Infusion of Bone Marrow Mononuclear Cells Reduces Lung Fibrosis but Not Inflammation in the Late Stages of Murine Silicosis

Overview

Journal PLoS One

Specialties General Medicine
Science

Date 2014 Oct 10

PMID 25299237

Citations 21

Authors

Miqueias Lopes-Pacheco

Tulio G Ventura

Helena DAnunciacao de Oliveira

Leonardo C Moncao-Ribeiro

Bianca Gutfilen

Sergio A L de Souza

Patricia R M Rocco

Radovan Borojevic

Marcelo M Morales

Christina M Takiya

Affiliations

Soon will be listed here.

Abstract

We hypothesized that infusion of bone marrow mononuclear cells (BMMCs) in the late stages of silica-induced damage would reduce the remodelling process in a murine model of silicosis.
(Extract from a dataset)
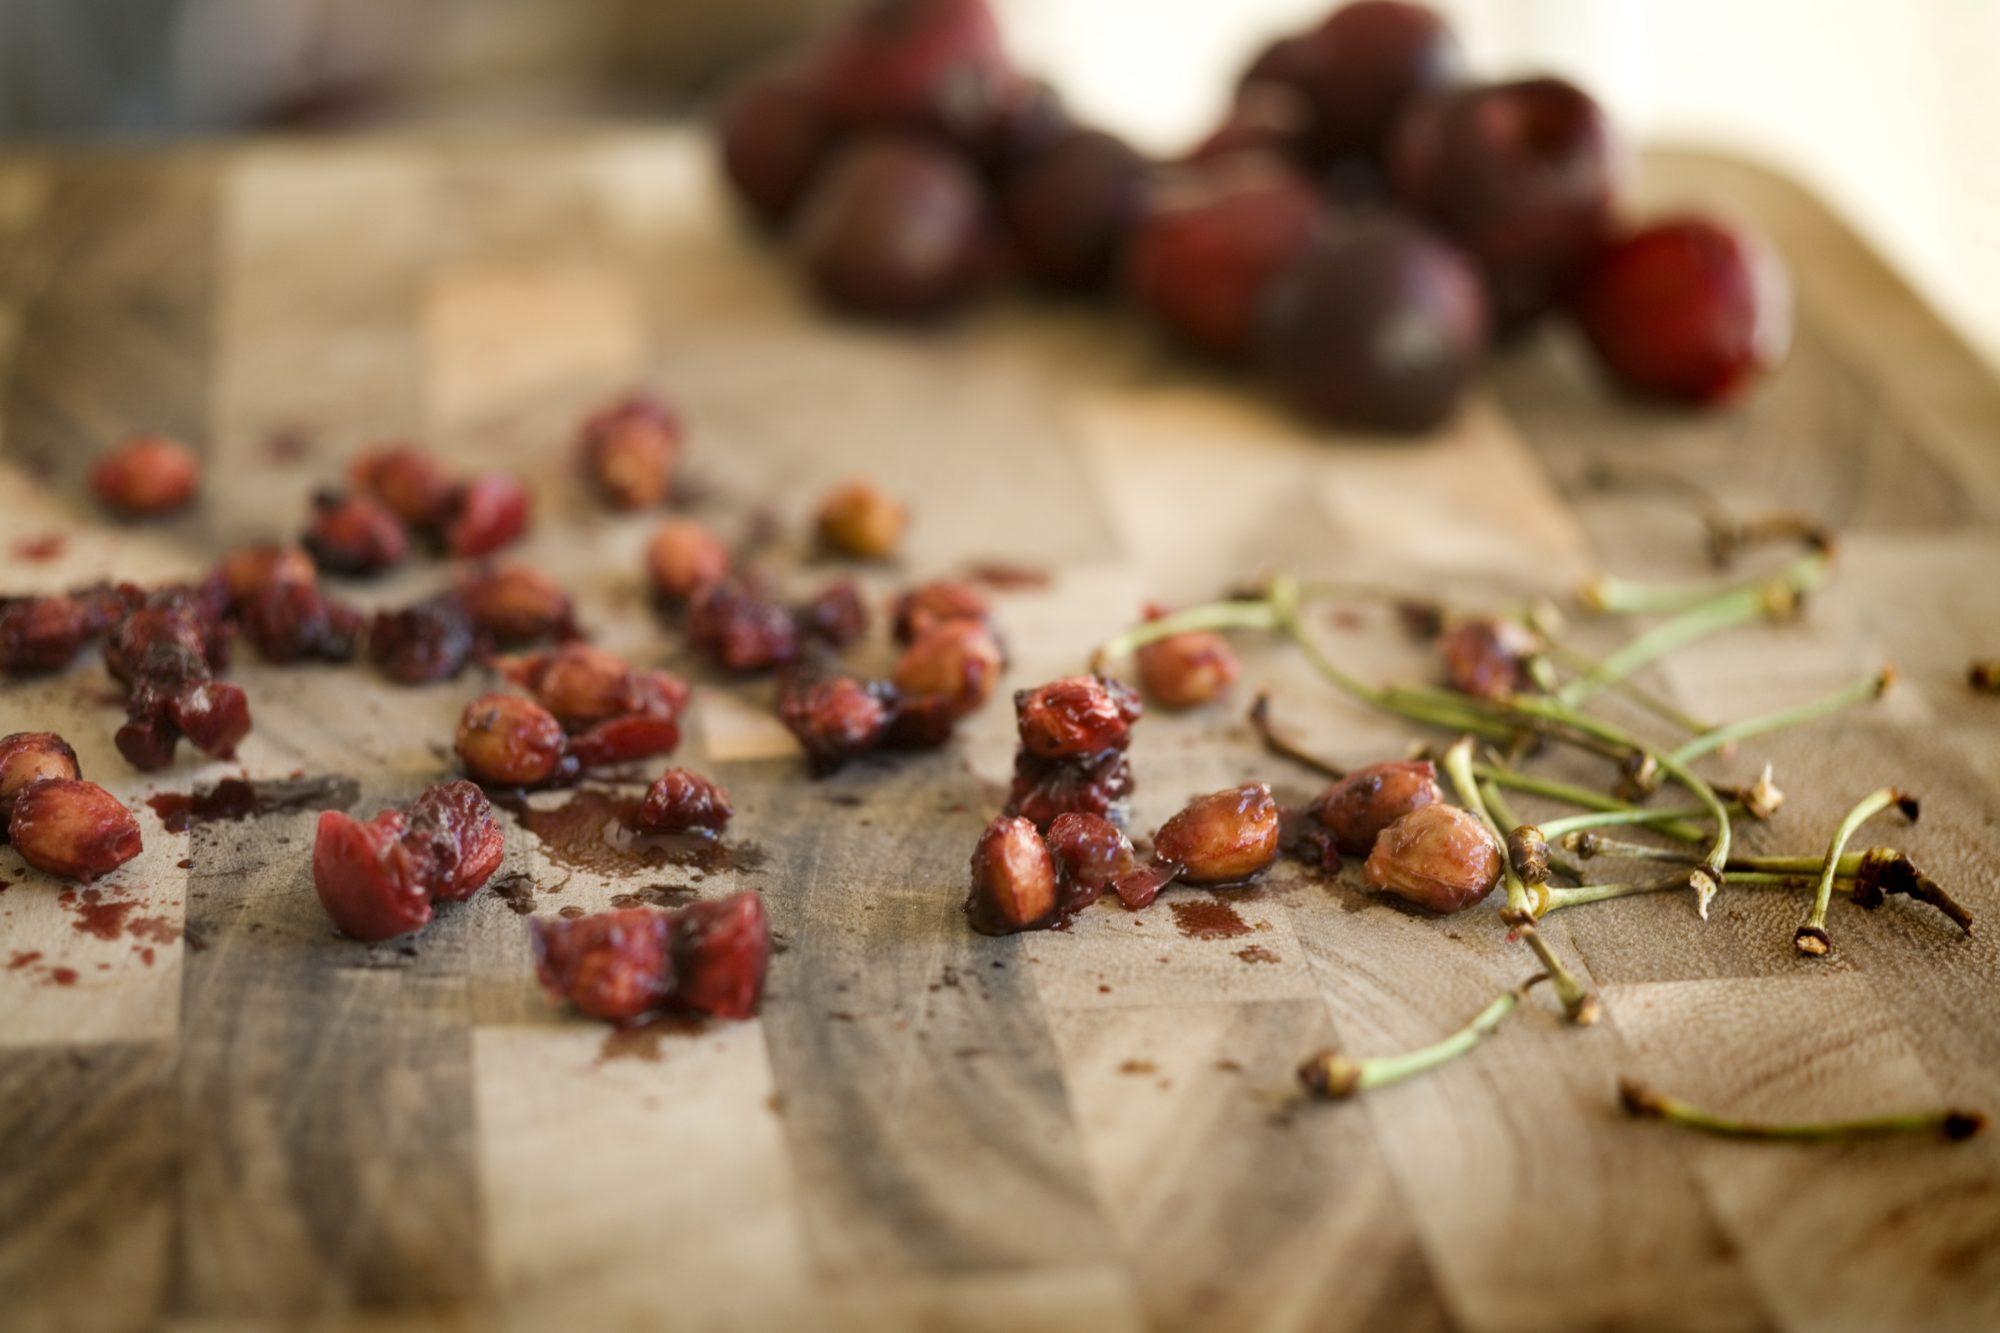 Cherry Pits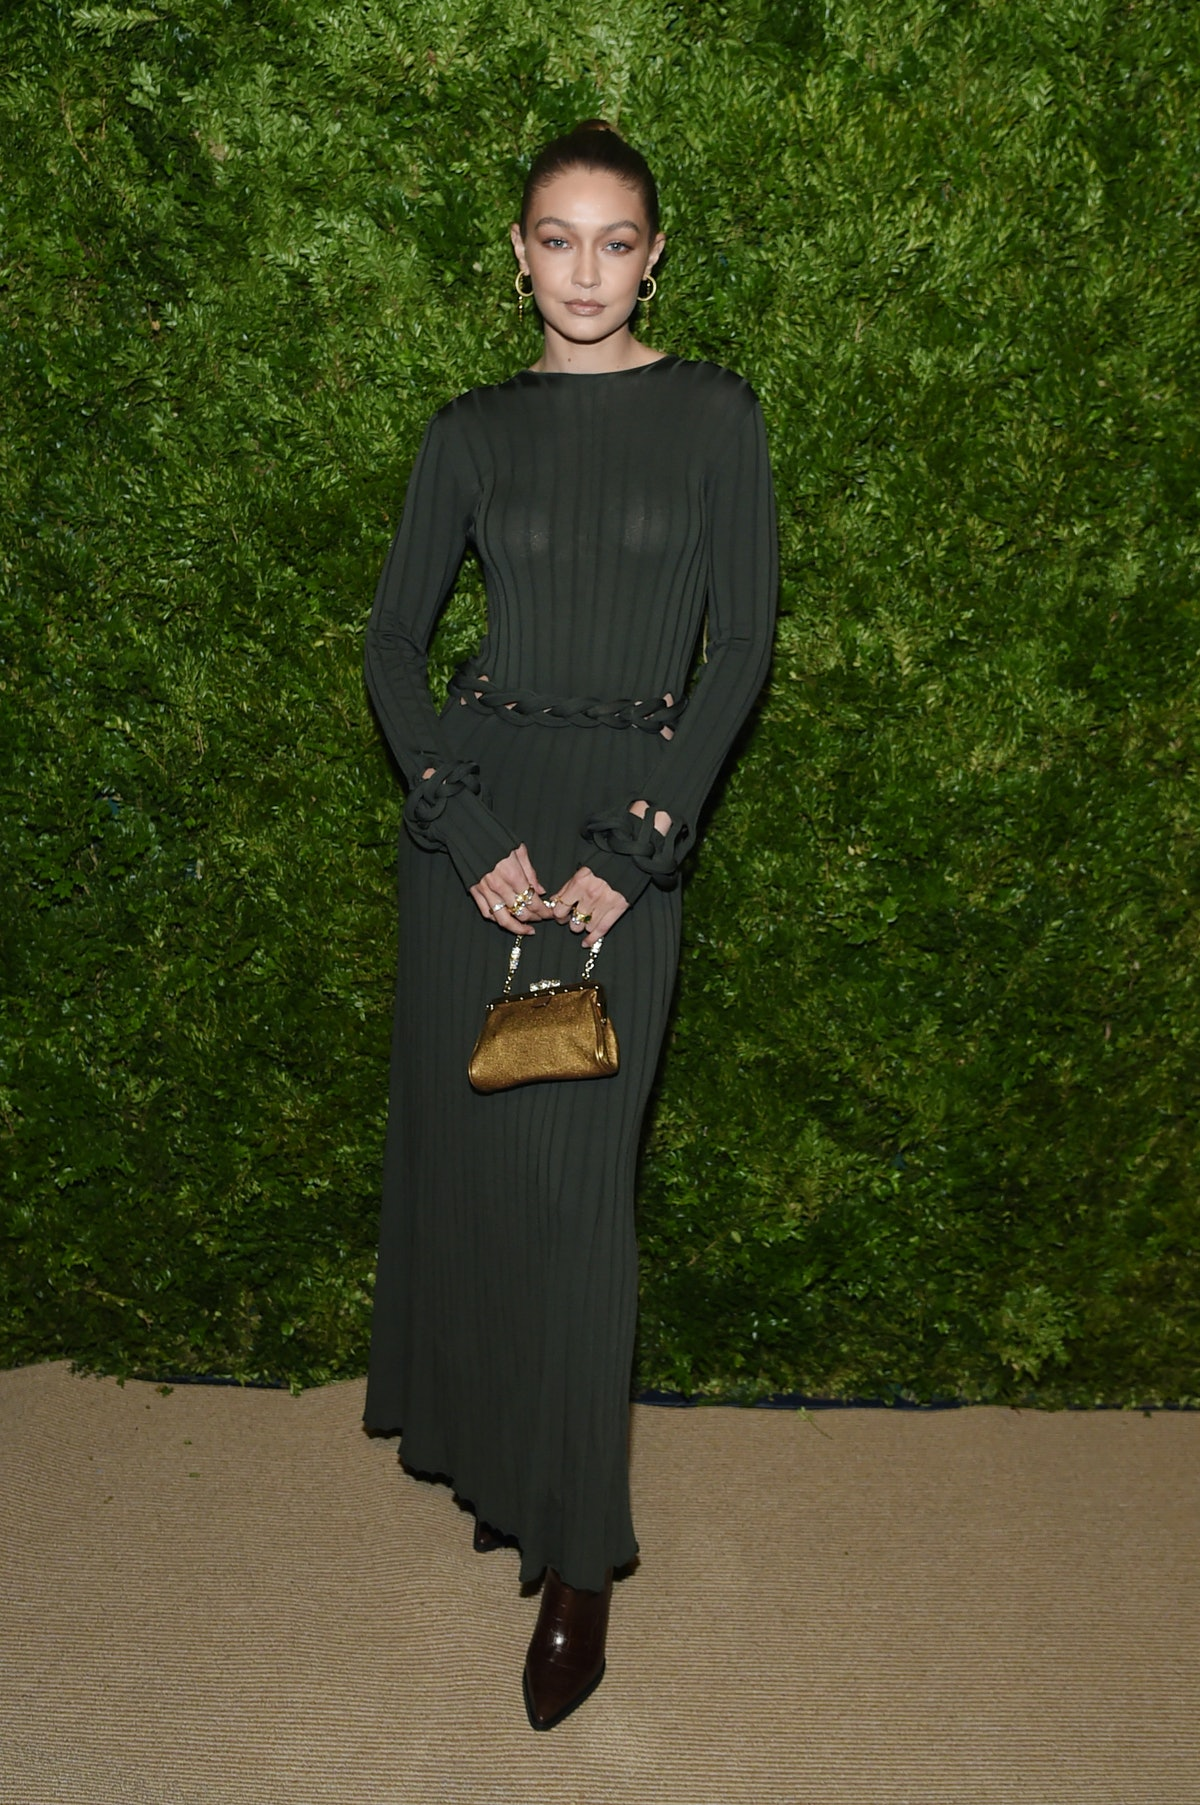 NEW YORK, NEW YORK - NOVEMBER 04: Gigi Hadid attends the CFDA / Vogue Fashion Fund 2019 Awards at Ci...

C57BL/6 mice were assigned to 2 groups. In the SIL group, mice were instilled with a silica particle suspension intratracheally. Control (C) mice received saline under the same protocol. On the 40th day, some of the animals from both groups were killed. The others were treated with either saline or BMMCs (1×10(6) cells) intravenously (C+BMMC and SIL+BMMC), and the mice were killed 70 days after the start of the protocol. In the mice in the SIL+BMMC group, collagen deposition, the presence of silica particles inside nodules, the presence of macrophages and cells reactive for inducible nitric oxide synthase were reduced. Lung parameters also improved. Beyond that, the total and differential cellularity of bronchoalveolar lavage fluid, immunoexpression of transforming growth factor-β, the number of T regulatory cells and apoptosis were increased. However, the presence of male donor cells in lung tissue was not observed using GFP+ cells (40d) or Y chromosome DNA (70d). Therefore, BMMC therapy in the late stages of experimental silicosis improved lung function by diminishing fibrosis but inflammatory cells persisted, which could be related to expansion of T regulatory cells, responsible for the beneficial effects of cell therapy.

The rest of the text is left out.